+++ Data provided
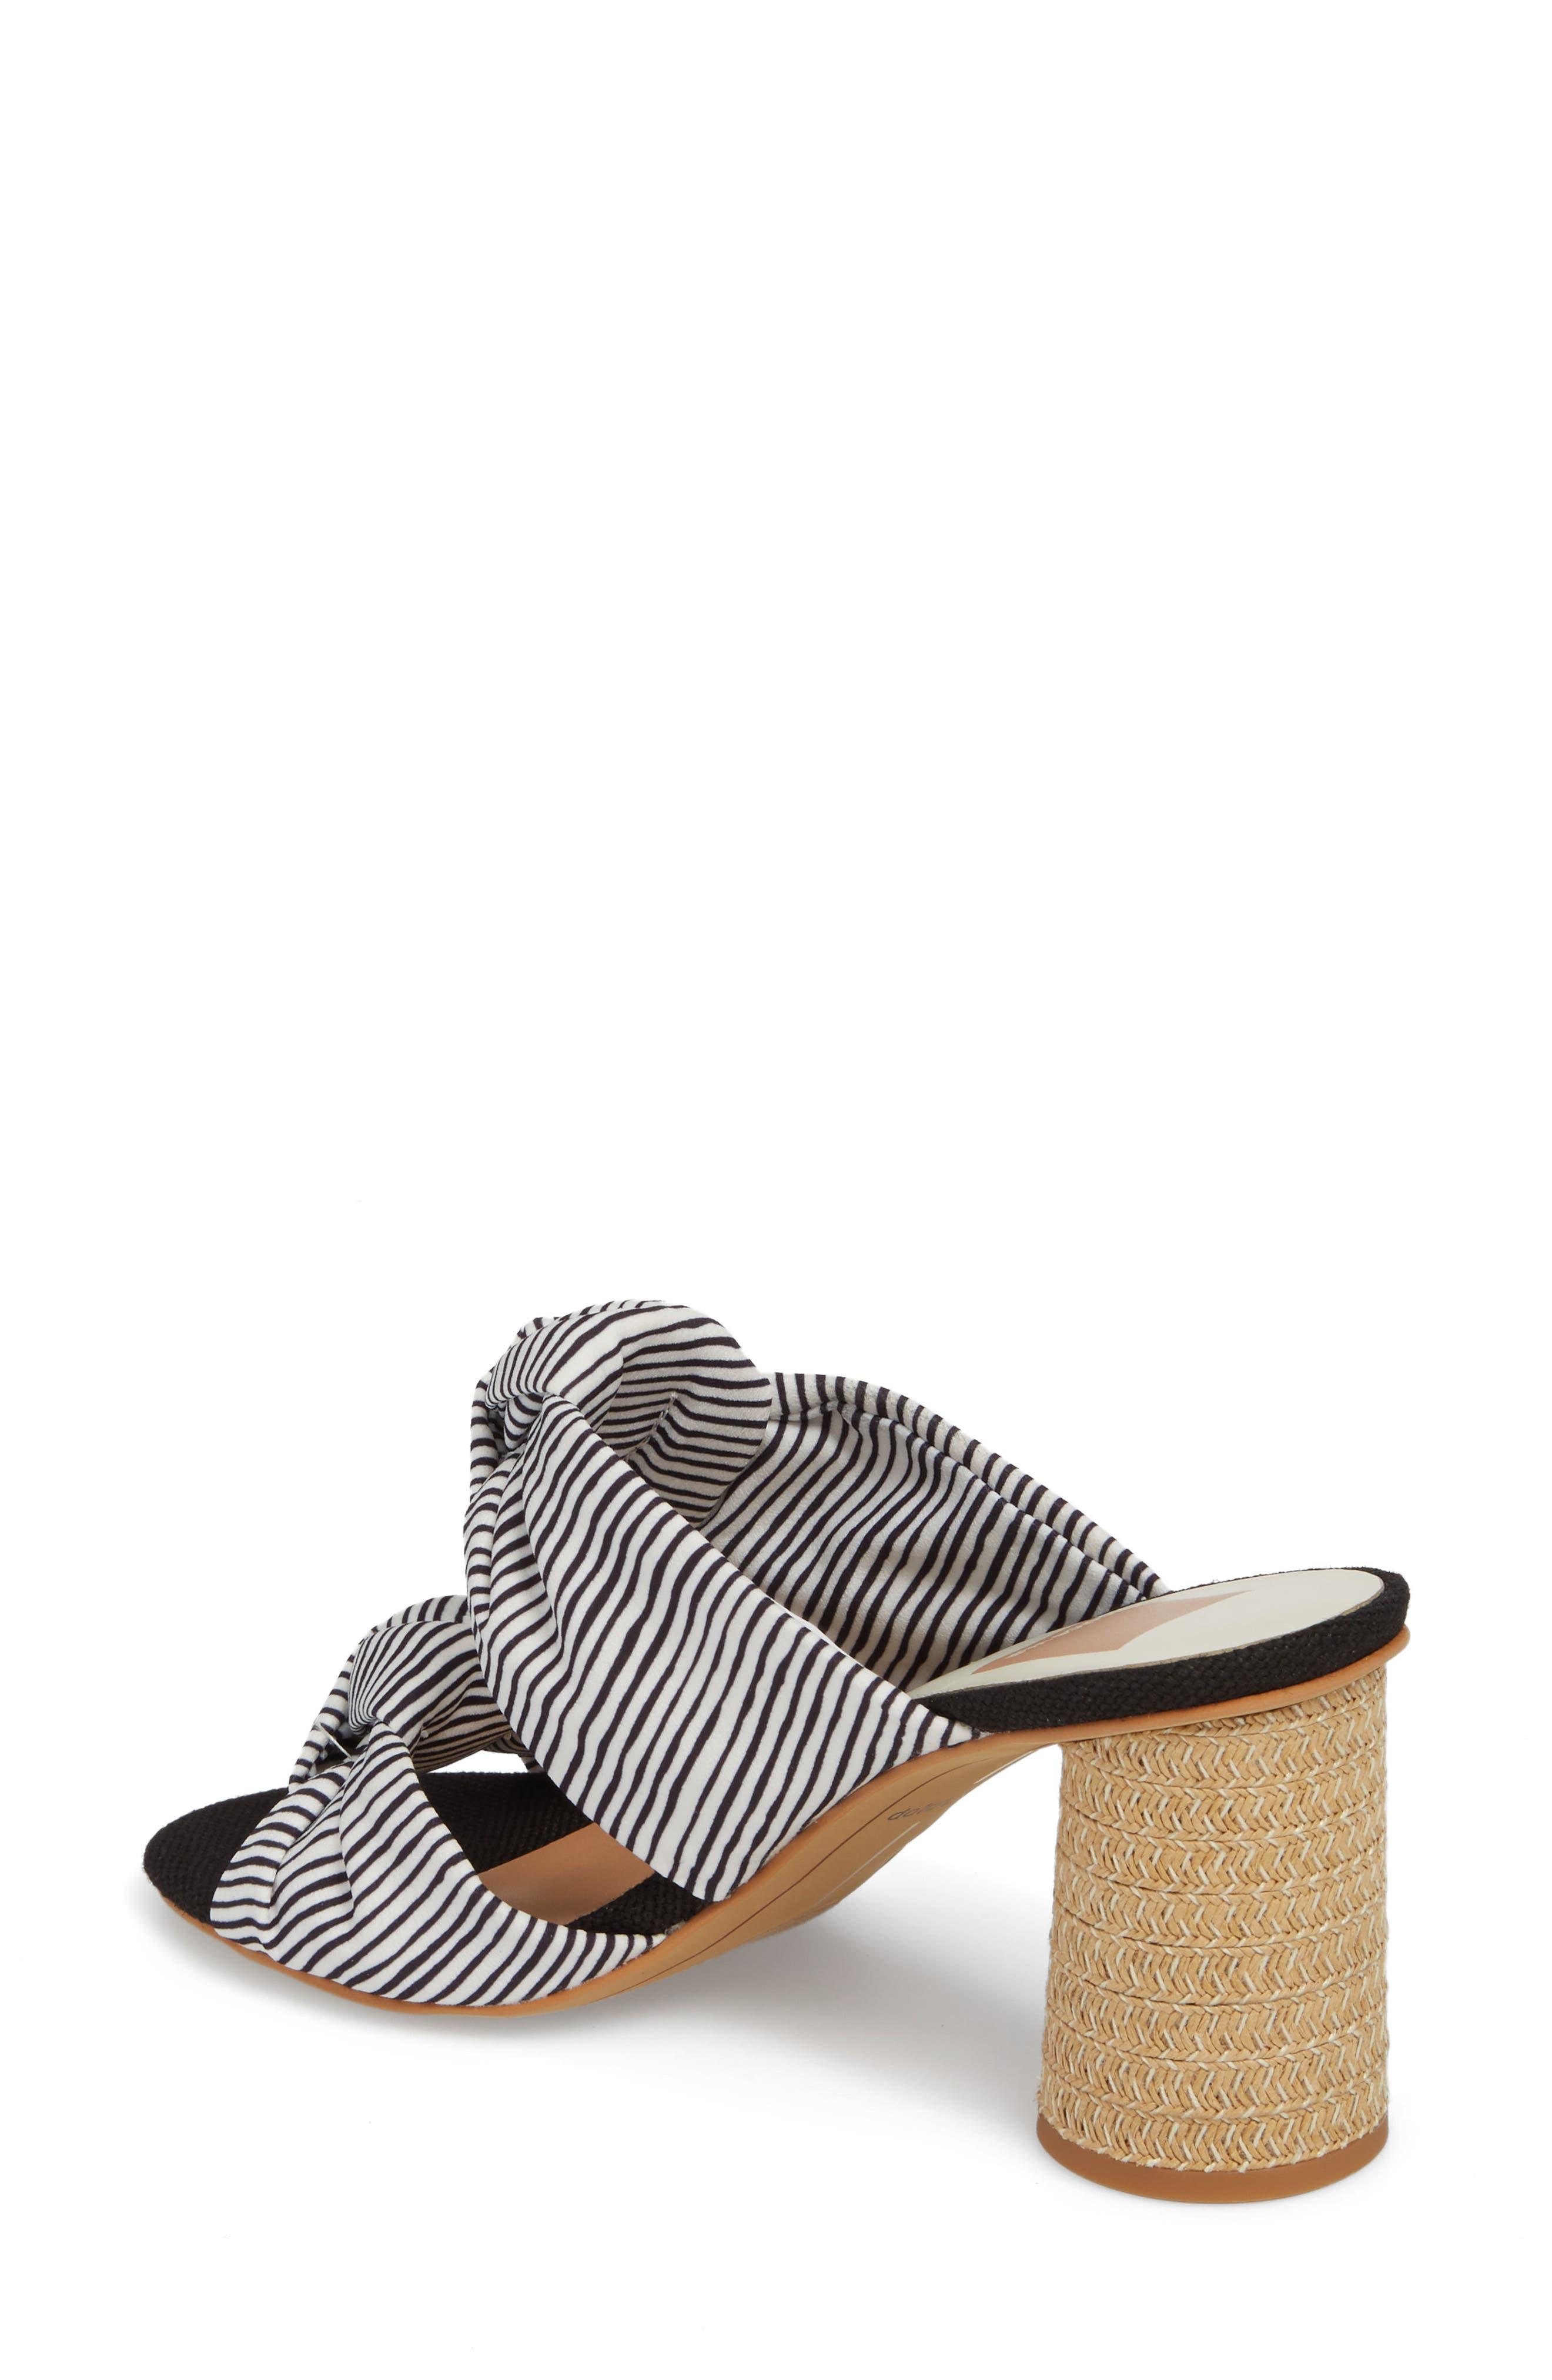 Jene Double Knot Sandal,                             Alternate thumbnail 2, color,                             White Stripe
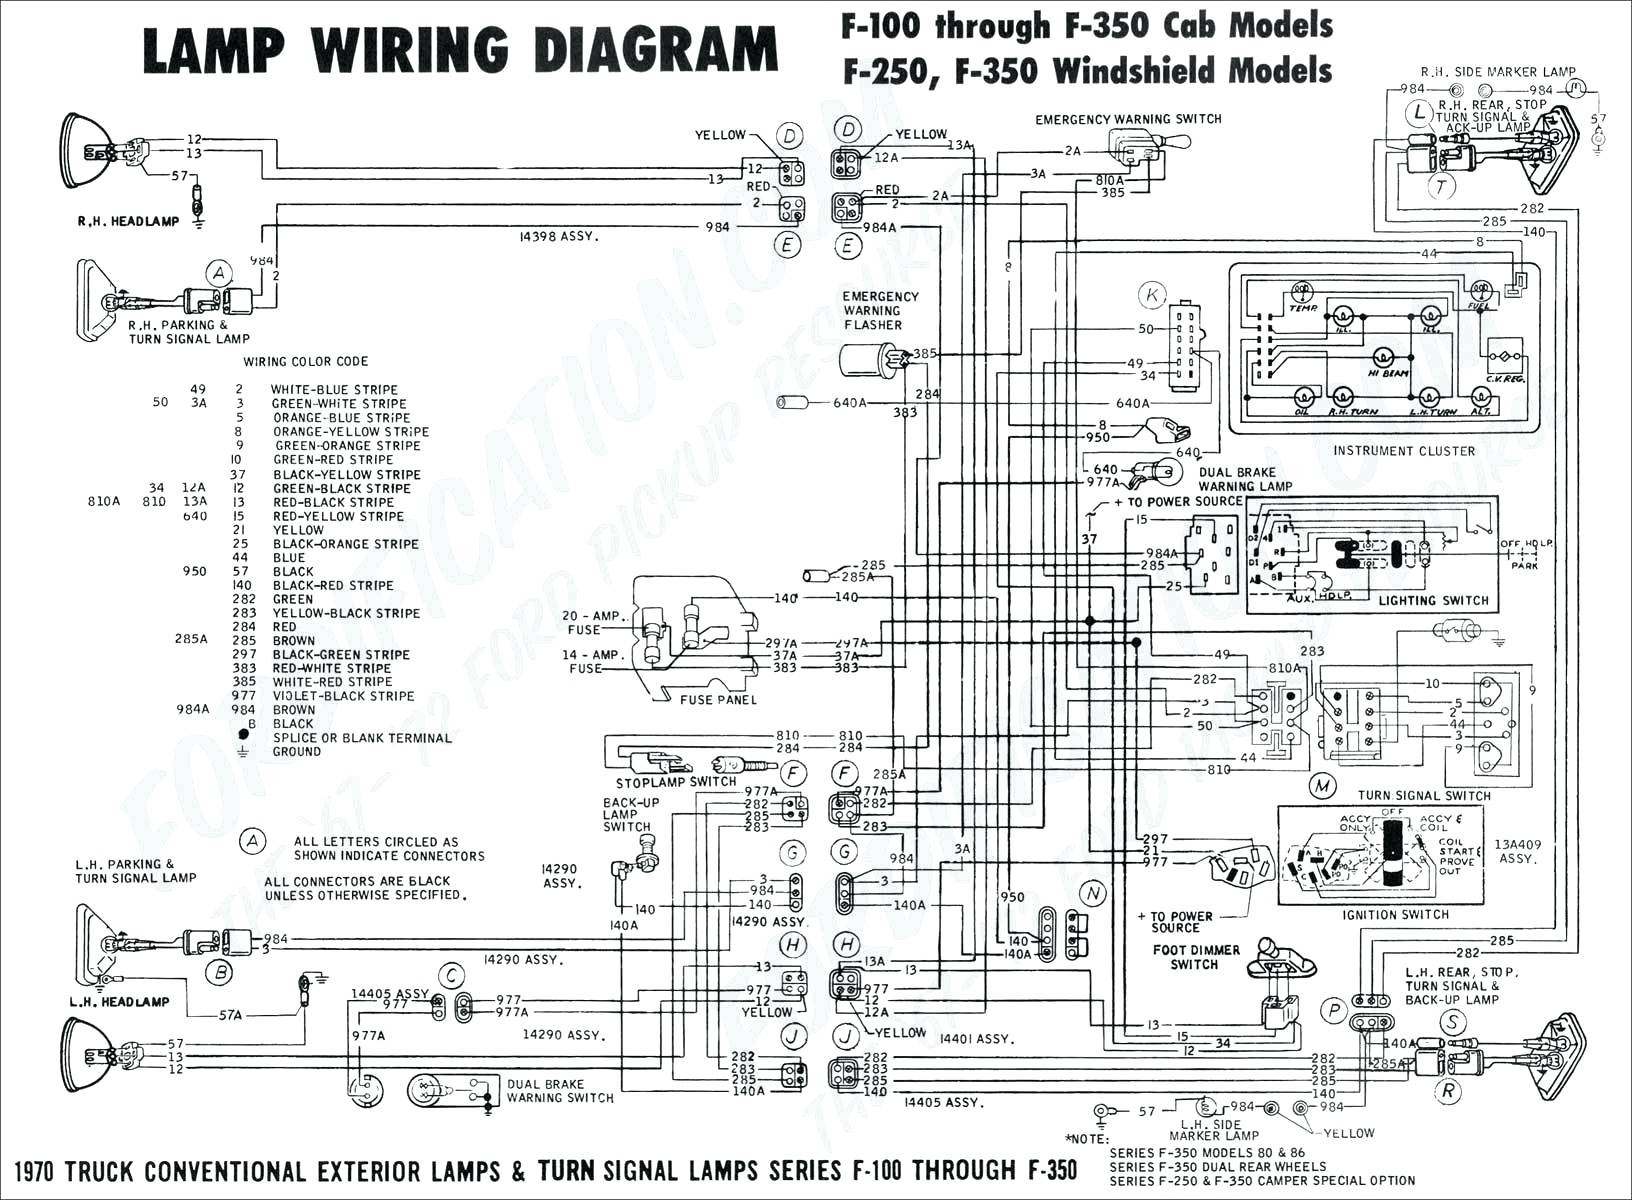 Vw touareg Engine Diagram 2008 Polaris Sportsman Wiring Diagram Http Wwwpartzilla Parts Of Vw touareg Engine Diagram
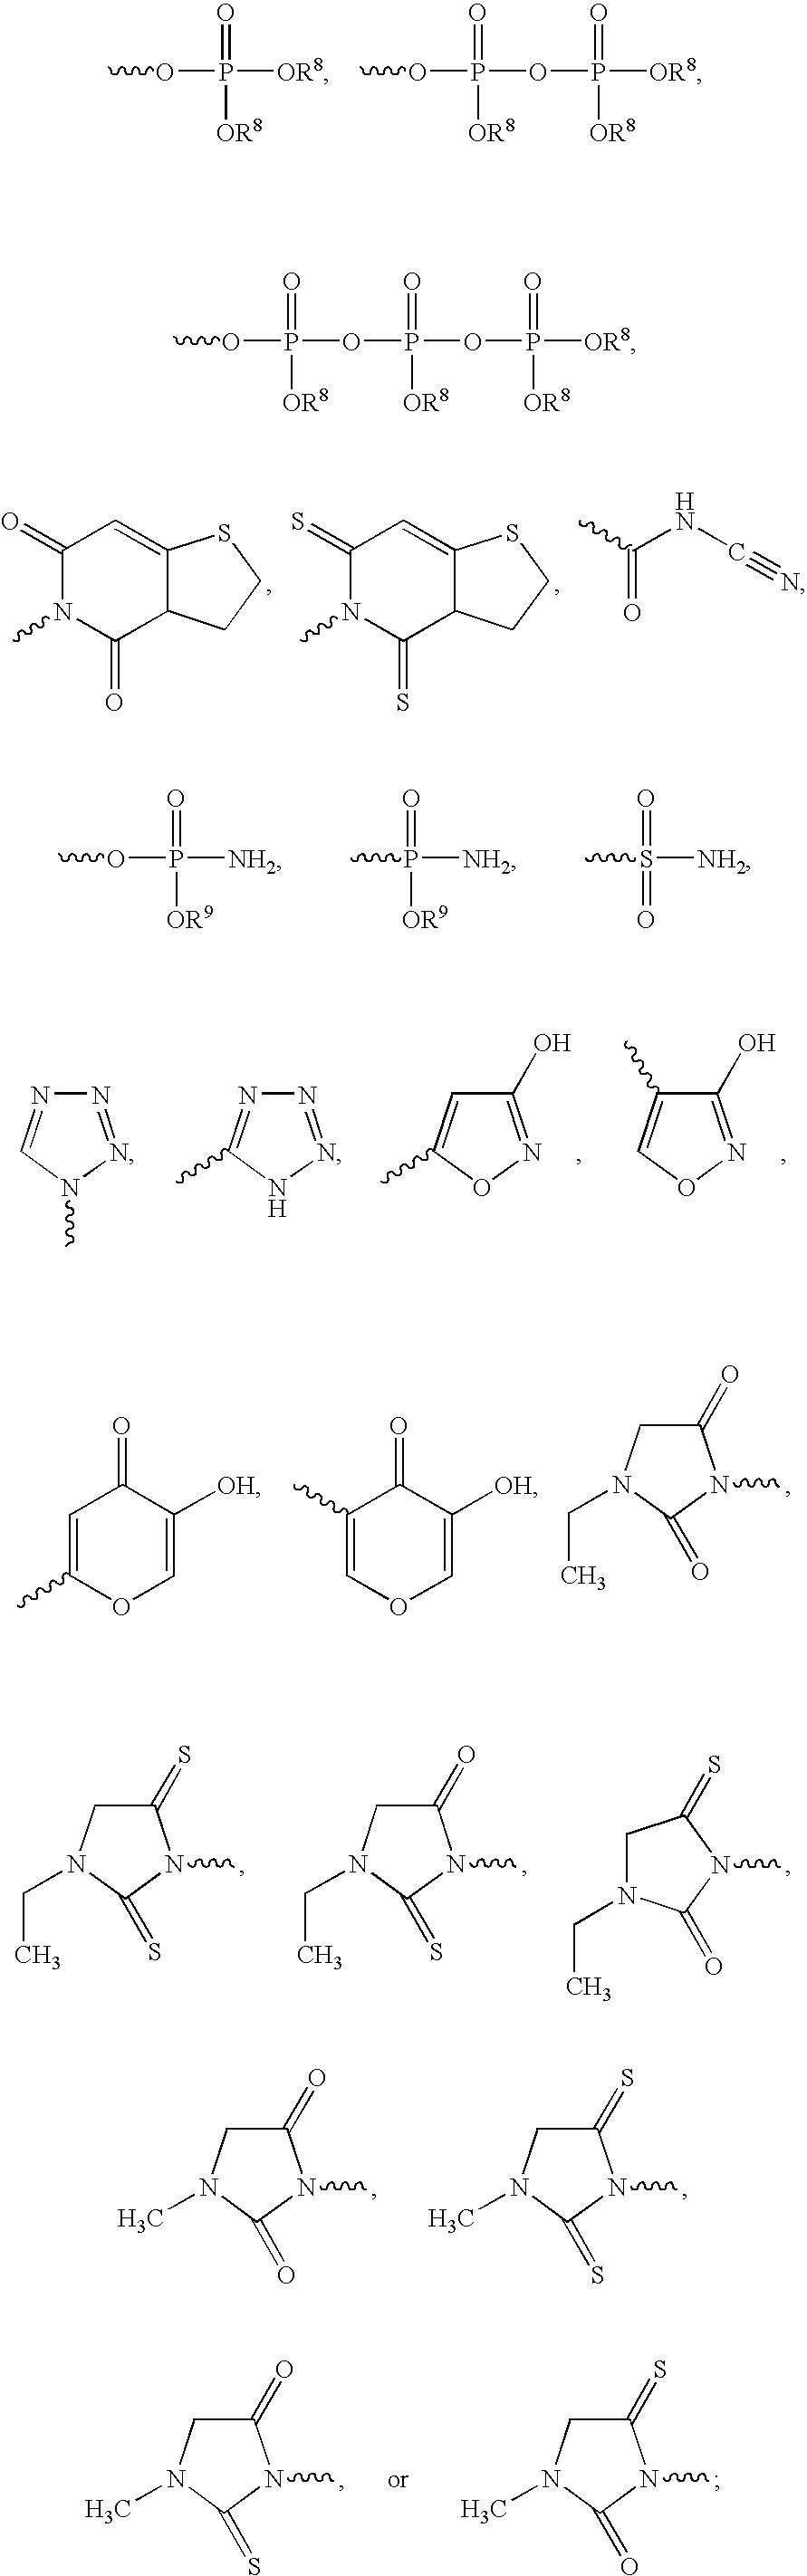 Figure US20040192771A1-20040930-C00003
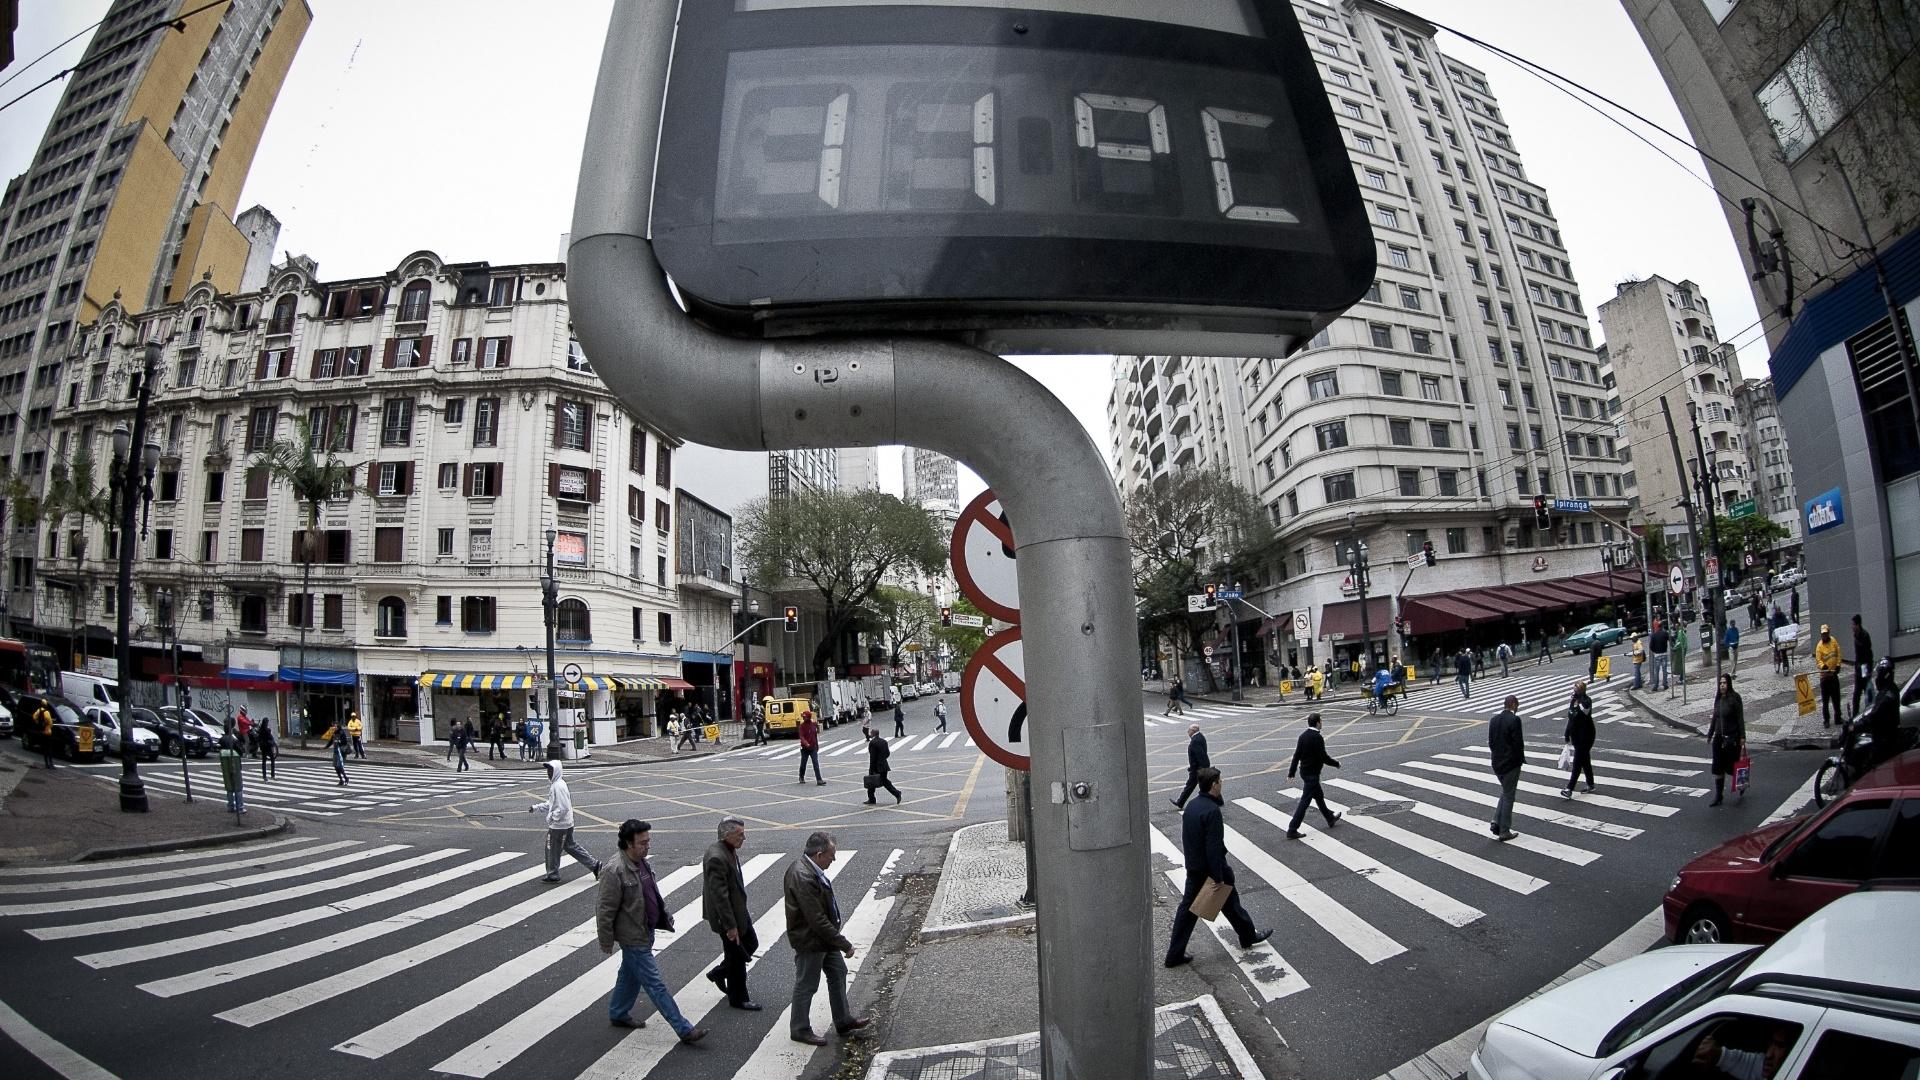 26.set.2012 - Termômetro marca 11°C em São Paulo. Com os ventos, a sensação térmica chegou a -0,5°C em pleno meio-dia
++++++
▶ [Work request] Every word of the material, and none of its pictures, should be set down again.

▶ [Response area]
 Jene Double Knot Sandal,                             Alternate thumbnail 2, color,                             White Stripe
 Vw touareg Engine Diagram 2008 Polaris Sportsman Wiring Diagram Http Wwwpartzilla Parts Of Vw touareg Engine Diagram
 Figure US20040192771A1-20040930-C00003
 26.set.2012 - Termômetro marca 11°C em São Paulo. Com os ventos, a sensação térmica chegou a -0,5°C em pleno meio-dia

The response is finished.